SUPPLIED INFORMATION:
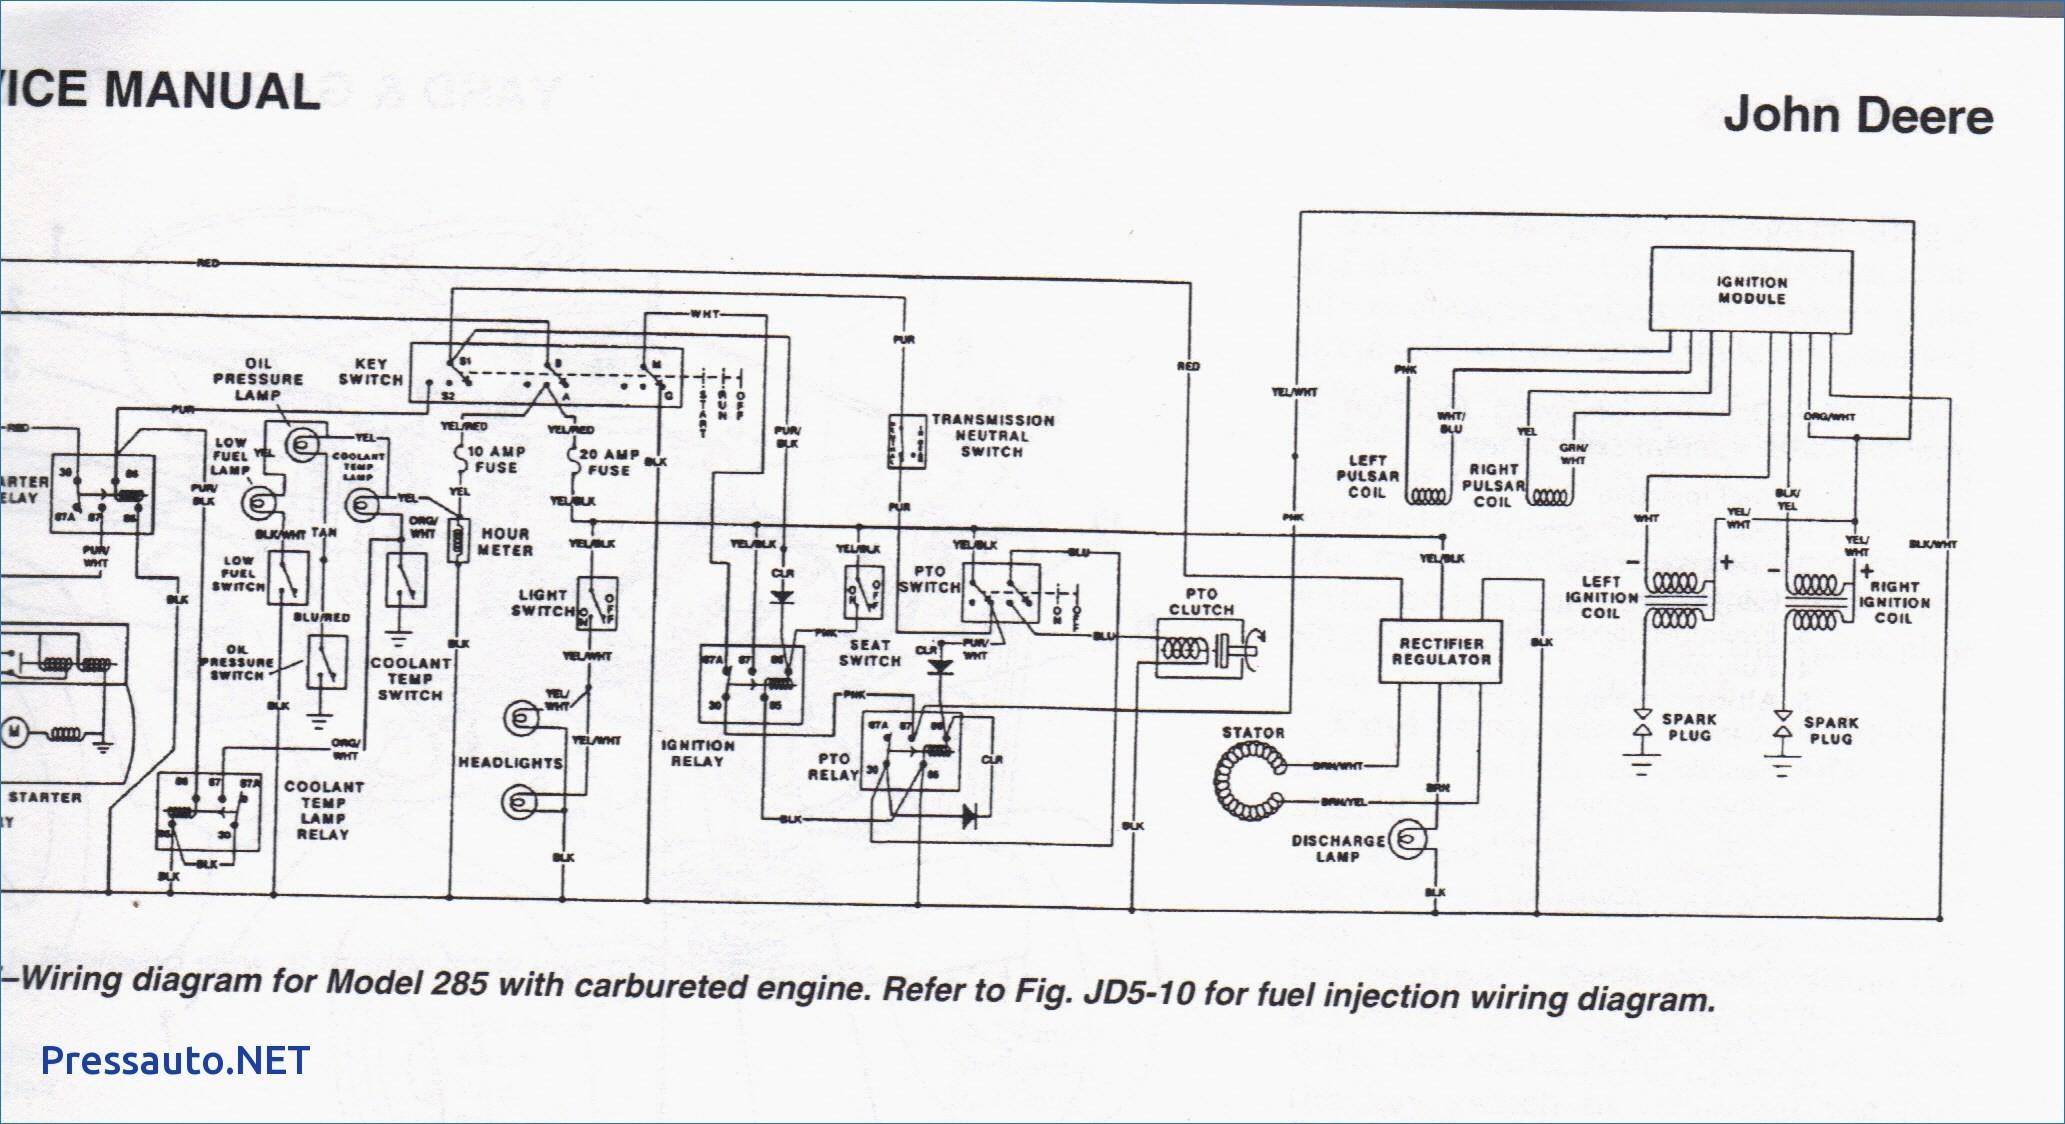 john deere la145 wiring diagram 3 phase ac compressor wiring diagram washer extractor parts manual unimac
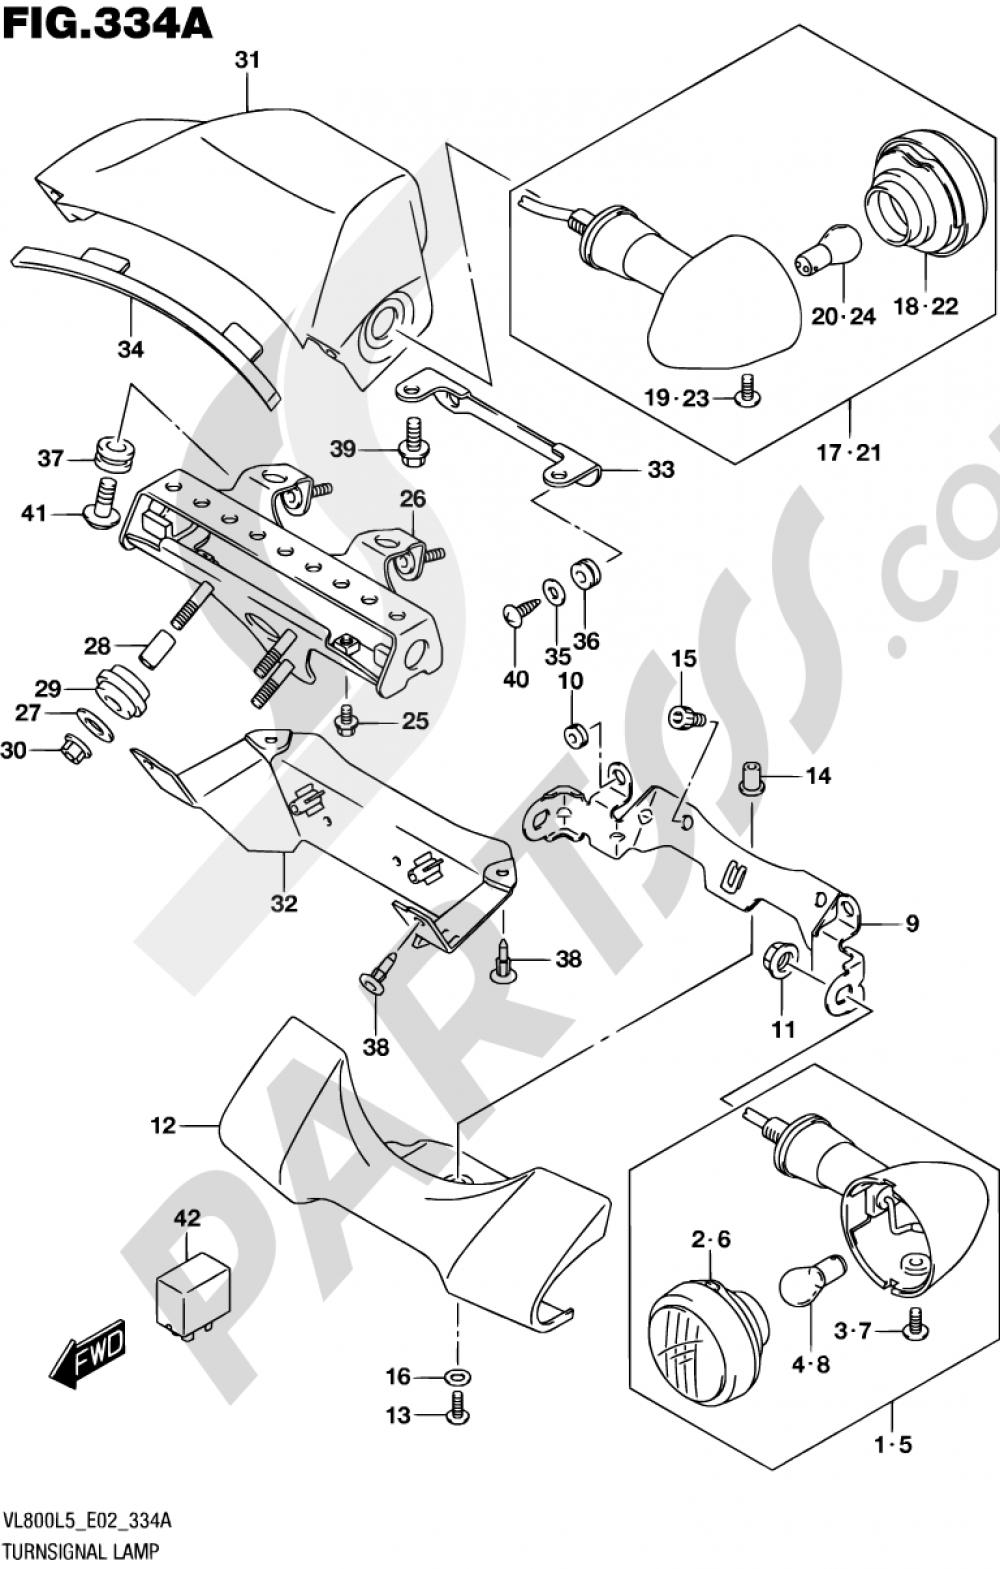 334A - TURNSIGNAL LAMP (VL800L5 E02) Suzuki INTRUDER VL800 2015
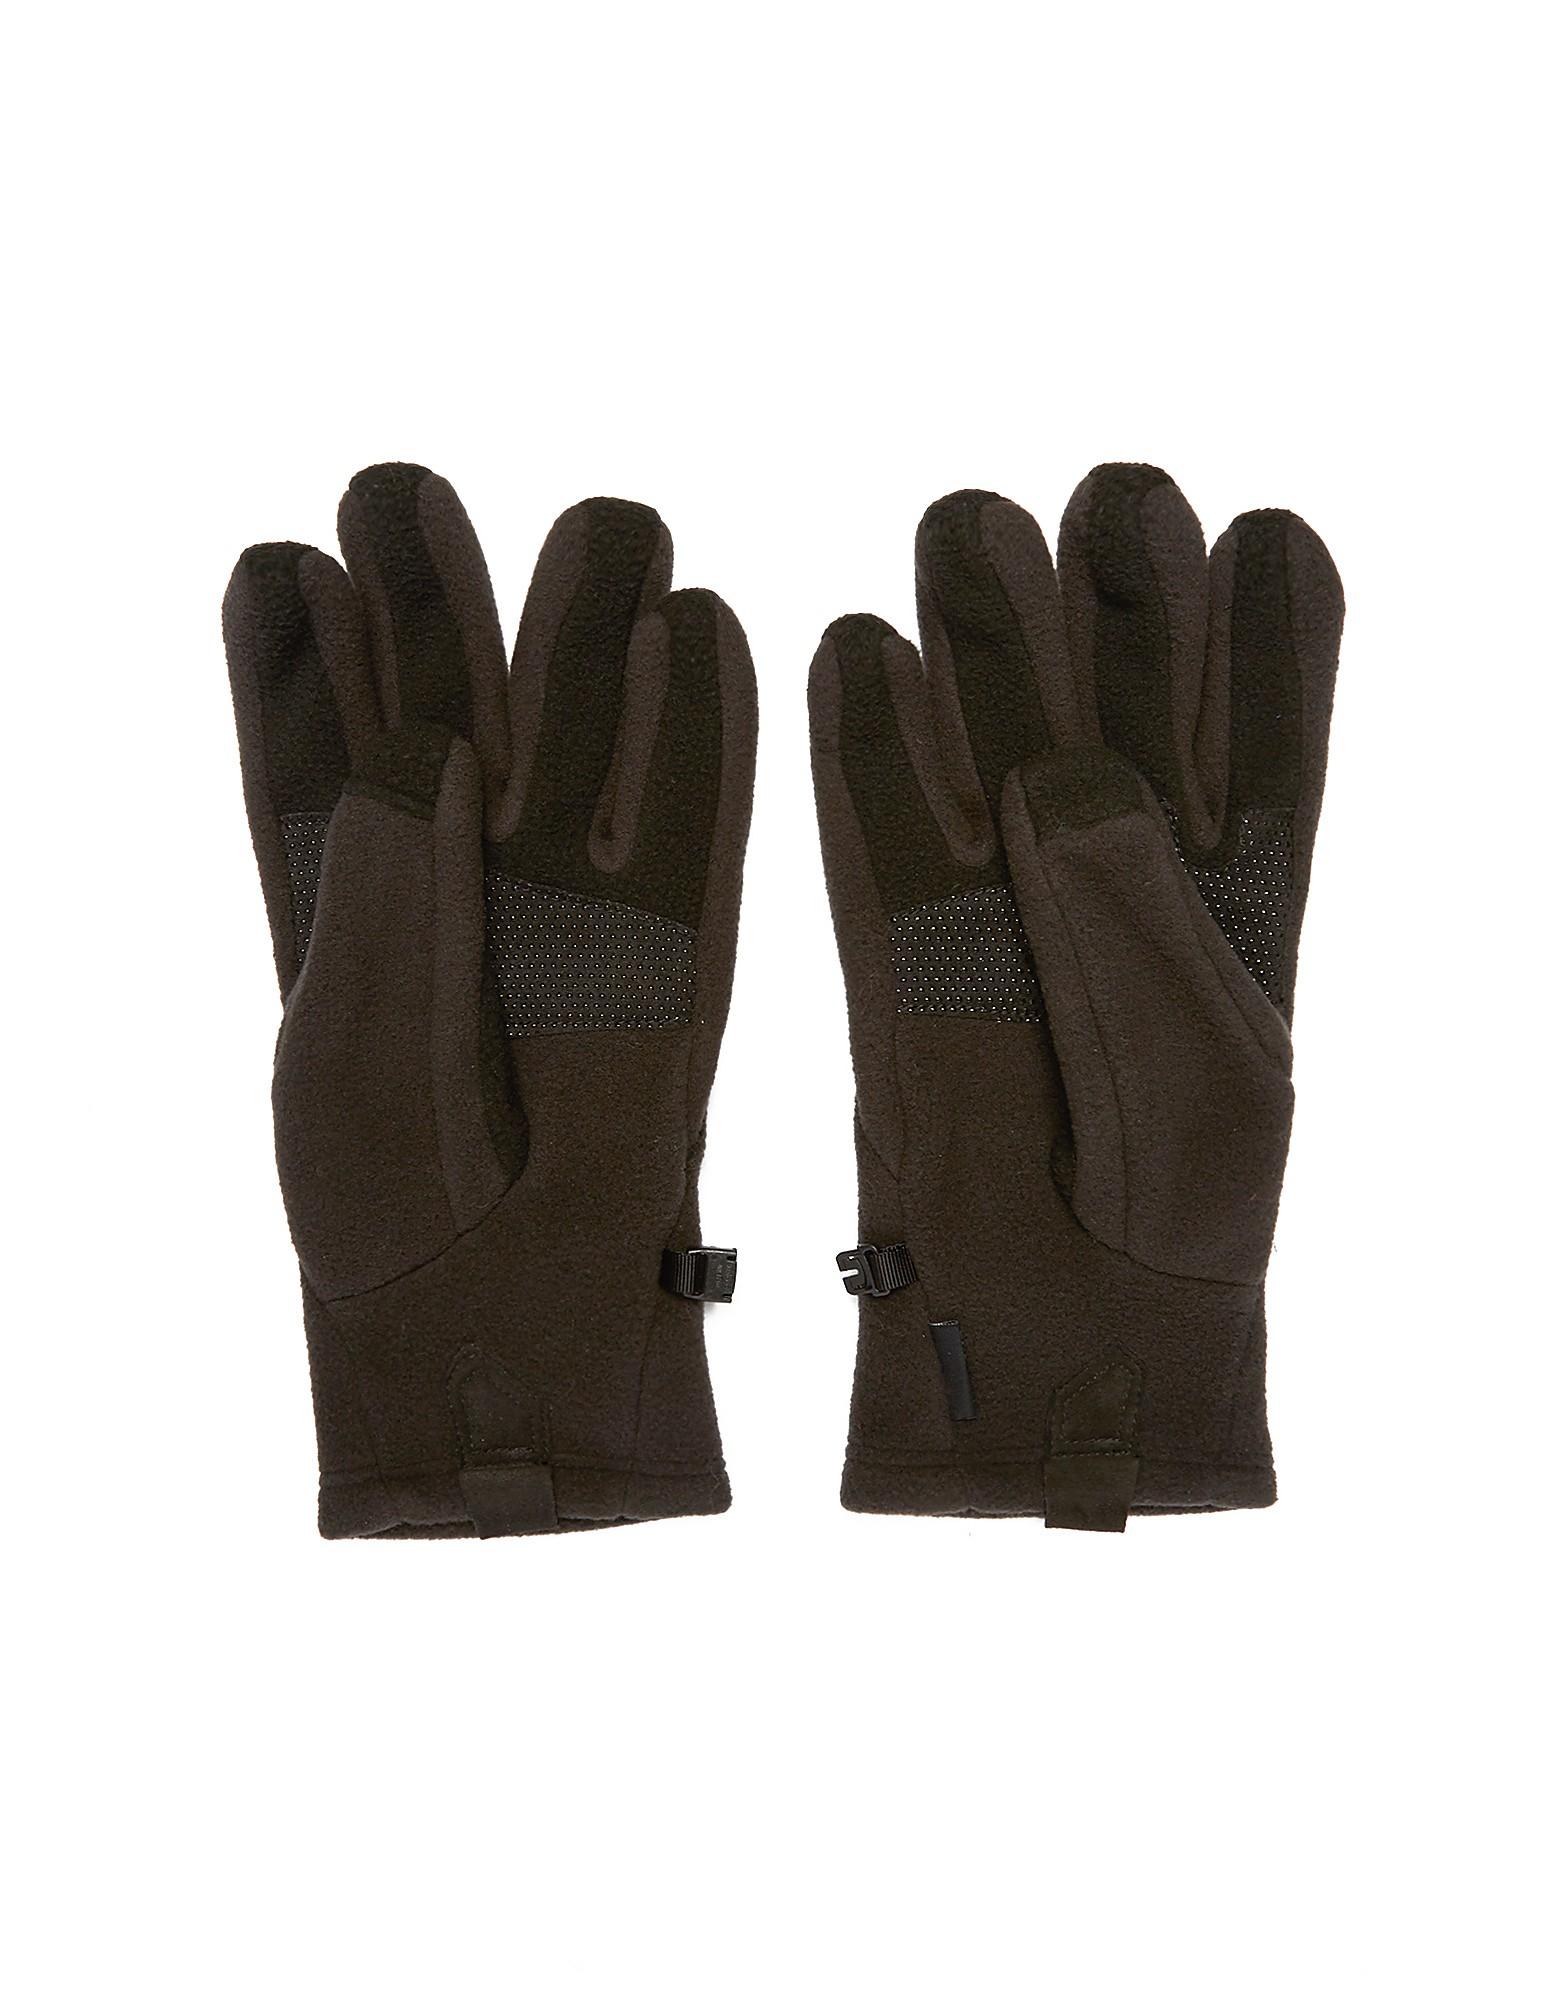 The North Face Denali Etip Gloves

WORK TASK:
Return all of the data exactly as written, and drop the pictures.

EXPECTED OUTPUT:
 john deere la145 wiring diagram 3 phase ac compressor wiring diagram washer extractor parts manual unimac
 334A - TURNSIGNAL LAMP (VL800L5 E02) Suzuki INTRUDER VL800 2015
 The North Face Denali Etip Gloves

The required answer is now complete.